According to the first option, banks would be required to hold account-to-account transfers above Rs 10,000 for one hour at the payer’s end before executing them. During this period, customers would retain the option to cancel the transaction.
If a transaction appears suspicious, the bank would be required to seek reconfirmation from the payer before proceeding. Merchant payments, e-mandates, NACH transactions, and cheques would be exempt. Customers could also whitelist specific payees to bypass the delay.
The RBI noted that transactions above Rs 10,000 account for approximately 98.5 per cent of total fraud value while making up around 45 per cent of reported fraud cases by volume, which justifies the threshold as a targeted safeguard.
The RBI paper points out that most digital frauds today do not involve a technical breach of systems. Instead, fraudsters use social engineering, impersonation, and coercion to pressure victims into transferring money themselves, a category known as Authorised Push Payment or APP fraud. Once funds move through near-instant channels like UPI or IMPS, recovery becomes extremely difficult.
“Fraudsters typically rely on creating urgency and maintaining continuous psychological pressure on the victim to prevent deliberation. Introducing lag at the payer’s end breaks the fraudster’s psychological control,” the paper observes.
The other proposals would require citizens aged 70 and above and persons with disabilities to nominate a “trusted person” whose authentication would be mandatory for transfers above Rs 50,000. Such cases cover nearly 92 per cent of the fraud value reported to NCRP.

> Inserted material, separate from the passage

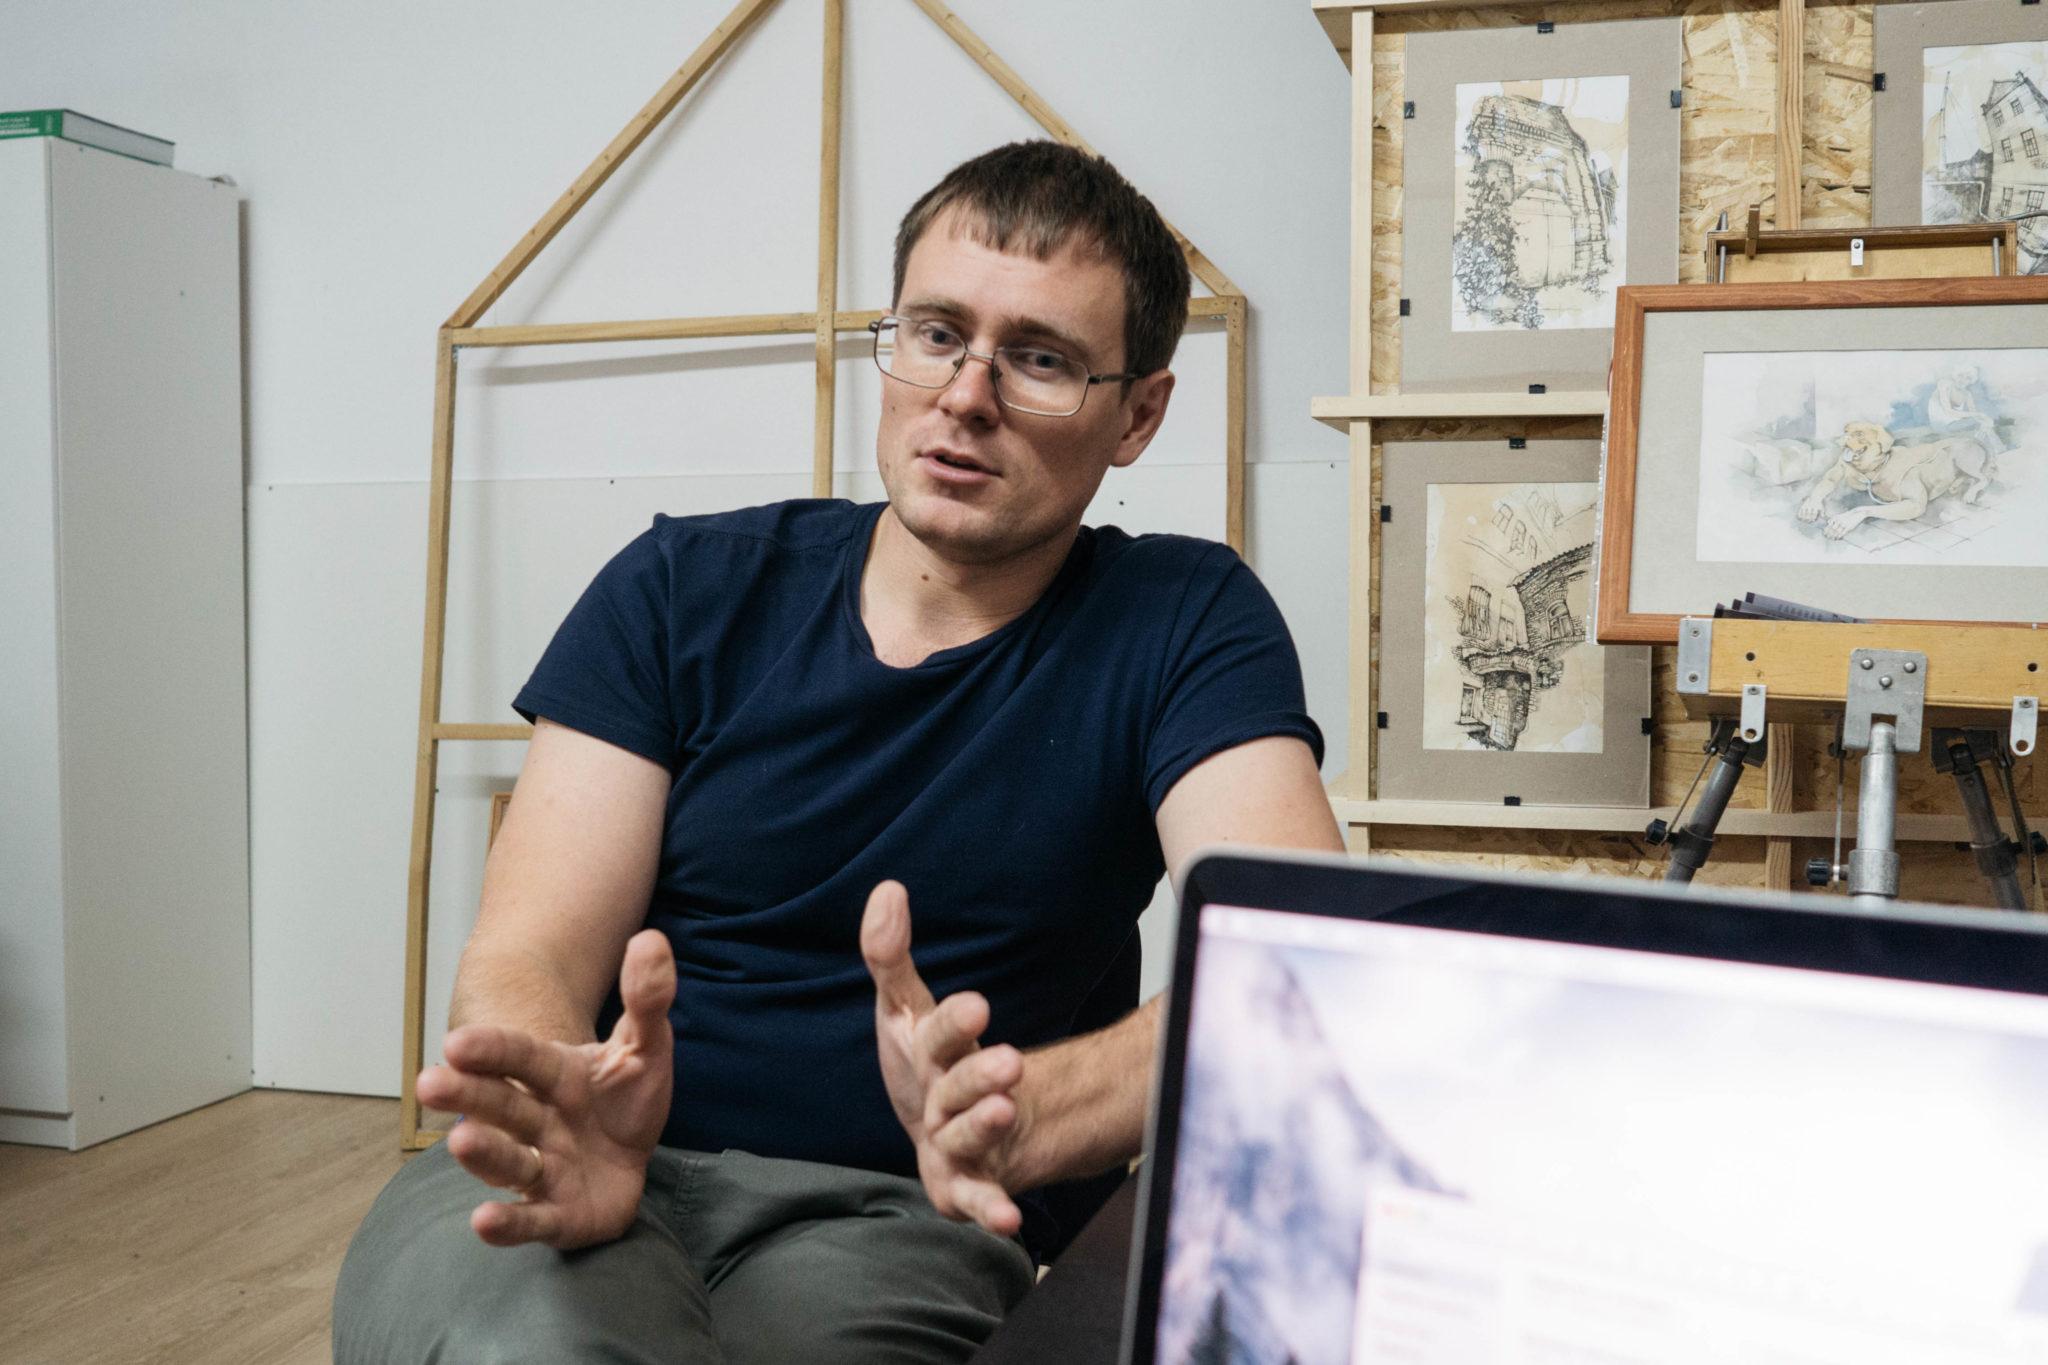 «Нужно предпринимать все возможные усилия, чтобы у старых зданий в Оренбурге появились постоянные владельцы», — архитектор Александр Алексеев, координатор «Том Сойер Феста»

The second proposal would cap annual aggregate credits into individual and small business accounts at Rs 25 lakh. Amounts beyond this threshold would be held as “shadow credit” accessible only after the account holder satisfies the bank about the transaction’s legitimacy. If no justification is provided within 30 days, the funds will be returned to the sender.
The fourth proposal involves a “kill switch” that would allow customers to instantly disable all digital payment channels from their account in one step, a feature already operational in Singapore and being rolled out by some banks in Australia.
The RBI said these options are aimed at the broad objectives of inducing a lag in select categories of digital payments (by way of process-level changes or in terms of additional due diligence thereby buying time for both customers and PSOs to limit fraudulent transactions from being executed or proceeds thereof from being moved quickly, and empowering the customer through the provision of customised controls.
The apex bank also acknowledged the tradeoffs involved, noting that a mandatory lag conflicts with the core design principle of instant payments and could confuse users. It also flagged that fraudsters may simply pressure victims into whitelisting transactions, reducing the mechanism’s effectiveness.
Stakeholders have until May 8 to submit comments through the RBI’s Connect 2 Regulate portal. The central bank said it will consider issuing draft guidelines after reviewing feedback.